She drummed her fists on her flanks, her age showing as her face cracked with rage. I said,
“Locusta, I still don’t understand —”
“The man with the pearl in his ear and the drooping eyelid! Everyone in that room but you knew his identity! He’s the commander of the royal fleet at Misenum. His name is Anicetus. He’s a freedman, and one of Nero’s closest friends. Now, Cassius.Now is there a shaft of light inside that stinking hollow of your head?”
Light there was, and despair that I hadn’t seen the truth before: the barge designed by the Emperor’s artisans; Agrippina’s role as a source of constant irritation to, and restraint upon, her son; the sudden arrival of the hired assassins after the barge sank. It all made evil sense at last.

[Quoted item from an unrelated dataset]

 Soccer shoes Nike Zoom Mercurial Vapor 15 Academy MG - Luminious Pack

By sending me to Africa, no doubt at Tigellinus’ suggestion, the Emperor had conveniently disposed of the single remaining witness to the crime, as well as another source of danger —
Locusta — at a single stroke.
“You’ve dragged me down,” Locusta whispered. “Down into the slime of your own miserable failure!”
I still had foolish hope. “How so? He wants a unicorn’s horn. Very well, we’ll fetch him the only such horn available — from a rhino. Then we’ll be free to return. The Emperor said so himself.

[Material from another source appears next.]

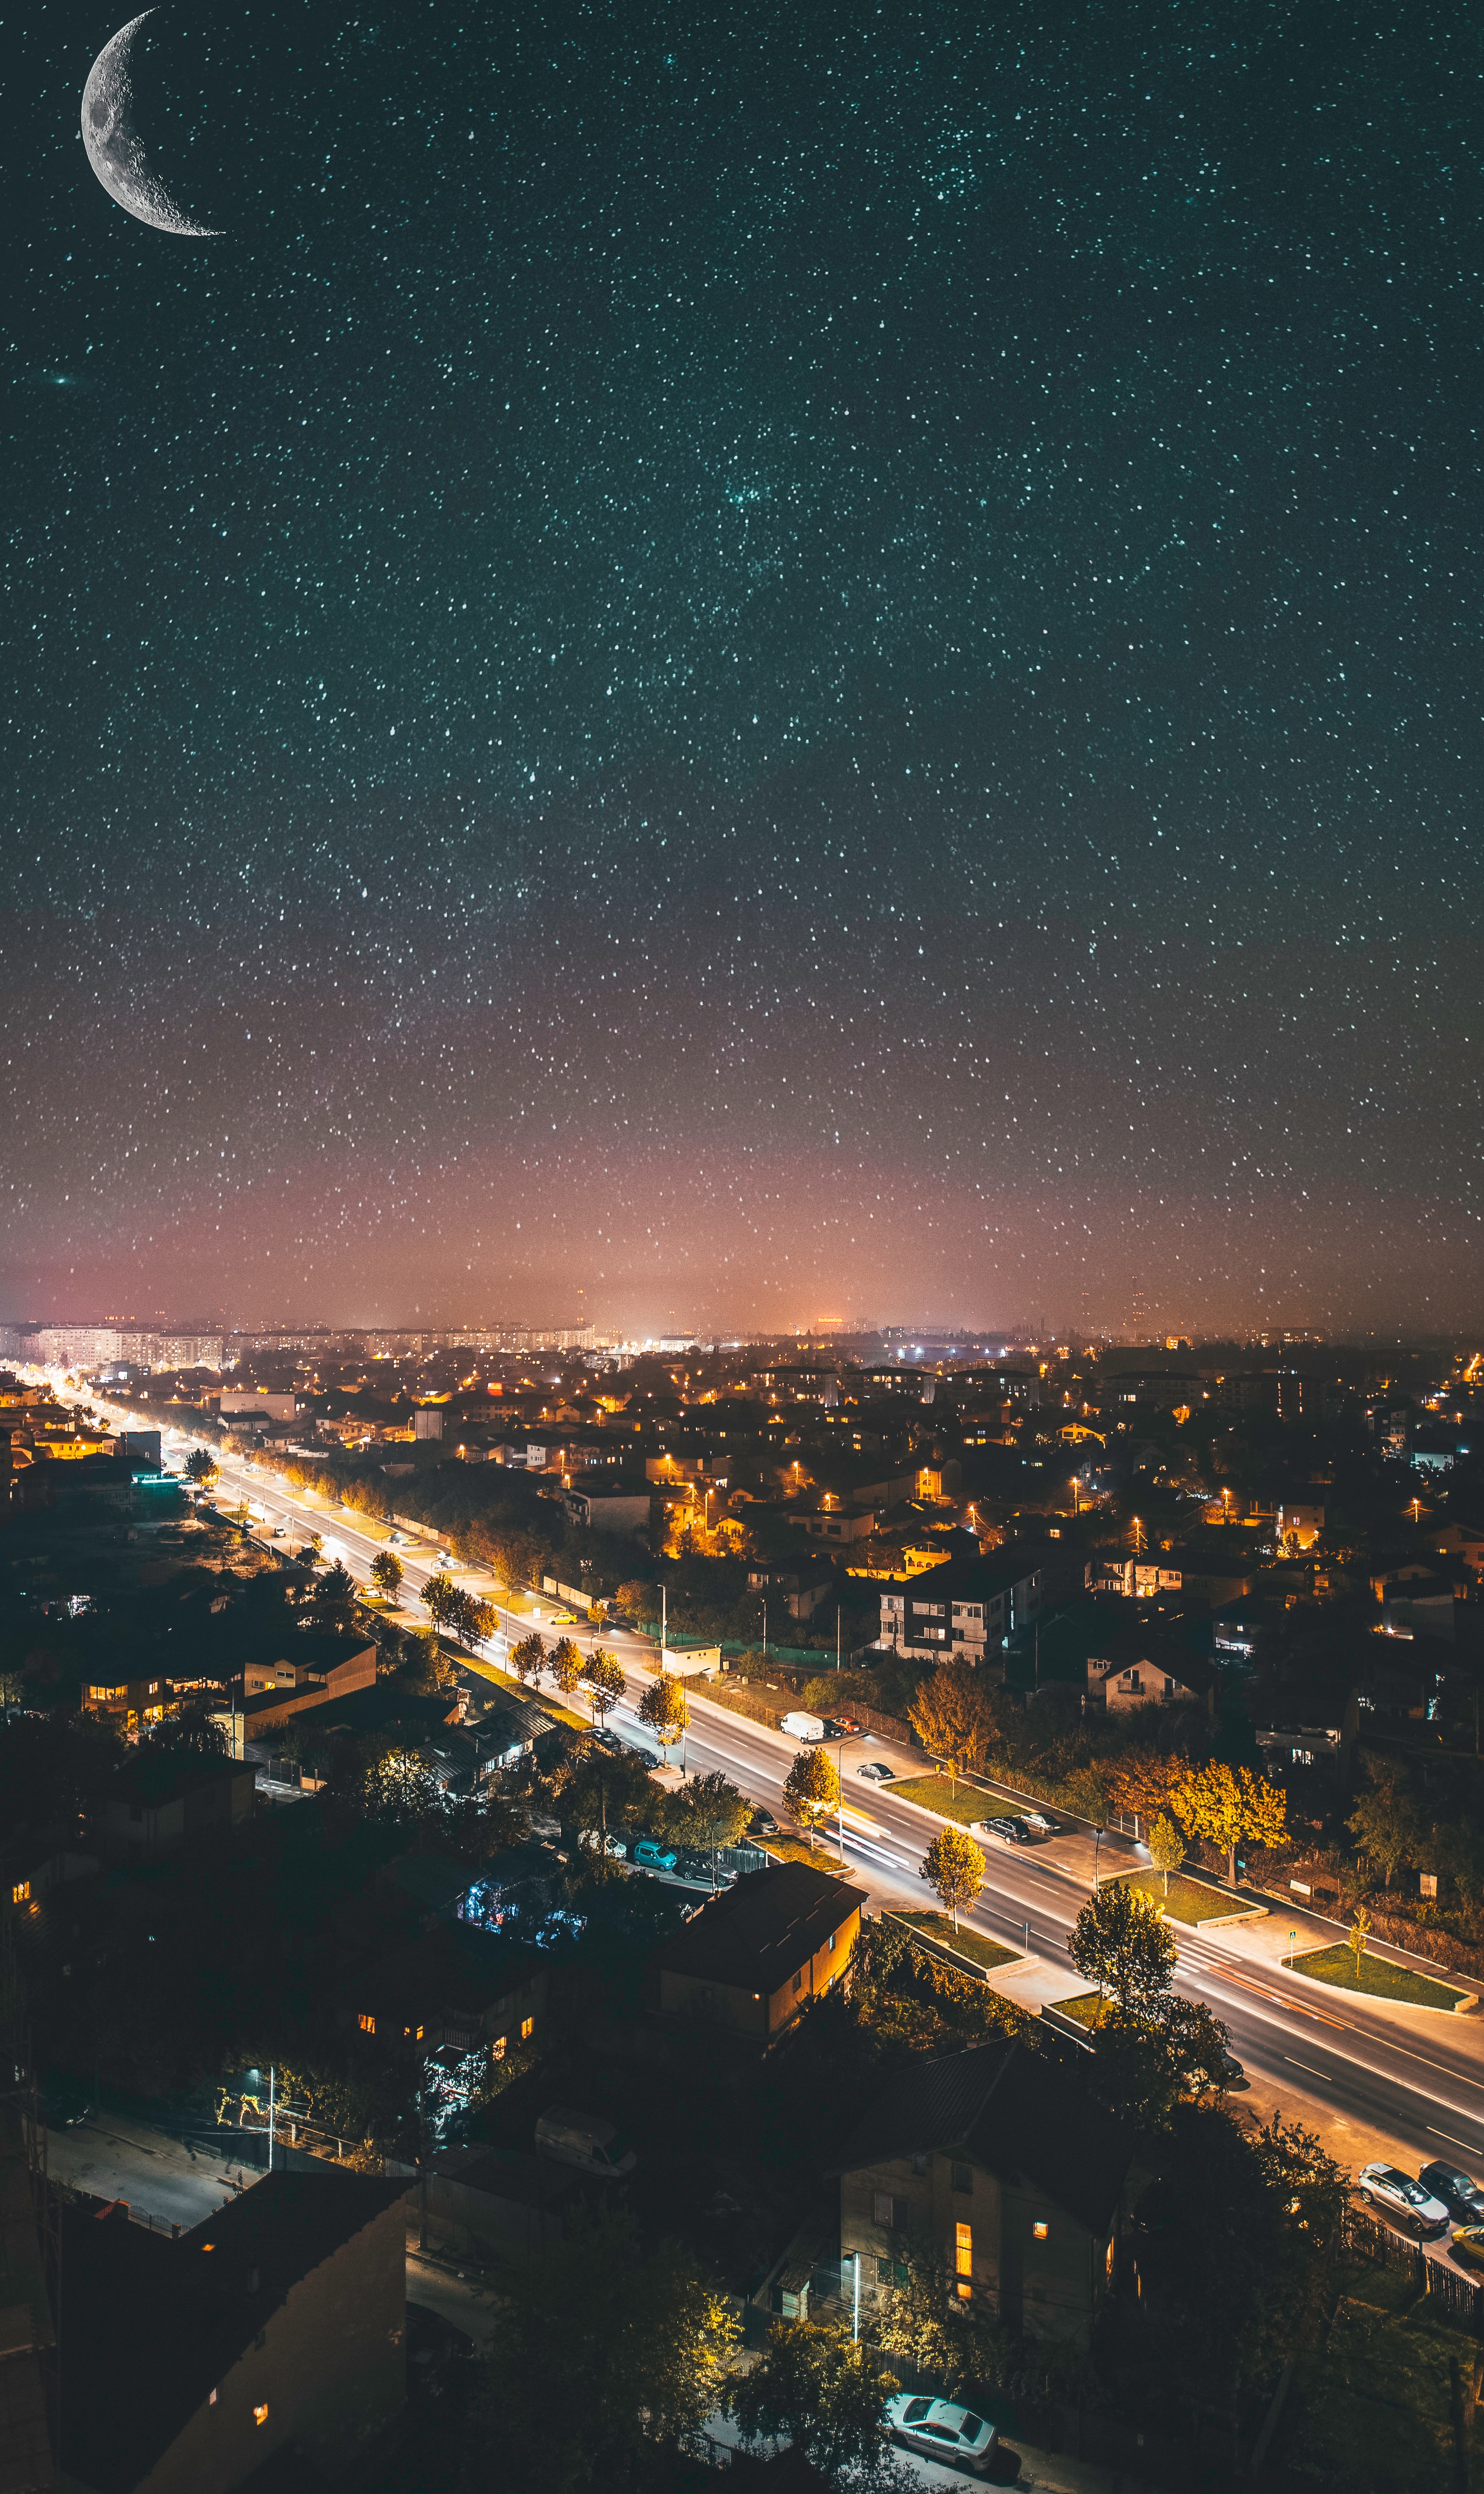 night, city, view from above, dark, starry sky, urban landscape, cityscape cellphone

By means of a contact in Africa made through Serenus, the task will be easy. We’ll soon be back —”
“Jackass!” she cried. “We’ll never be back! There’s a trap in it. Somewhere, there’s a snare waiting to catch us. We’ll learn what it is soon enough. That madman in there is clever, the way only madmen can be.”
She moved nearer, her painted mouth ugly, the very lines of her body, once so soft, like weapons of her defiance.
“I warn you of one thing, Cassius. I have no choice but to go with you. Arguing with Nero would be folly. I know that from the way he glared at me. But if you’ve ruined my life — if, because of you, I never see Rome again —” She smiled. “Then, my darling, you’ll pay dearly.”
Her cloak billowing around her, she vanished across the antechamber. I shook my head, still trying to puzzle out where the trap lay. The humming notes of the lute echoed in the great hall.
Echoed and rose and fell, counterpointed by strange, tittering laughter.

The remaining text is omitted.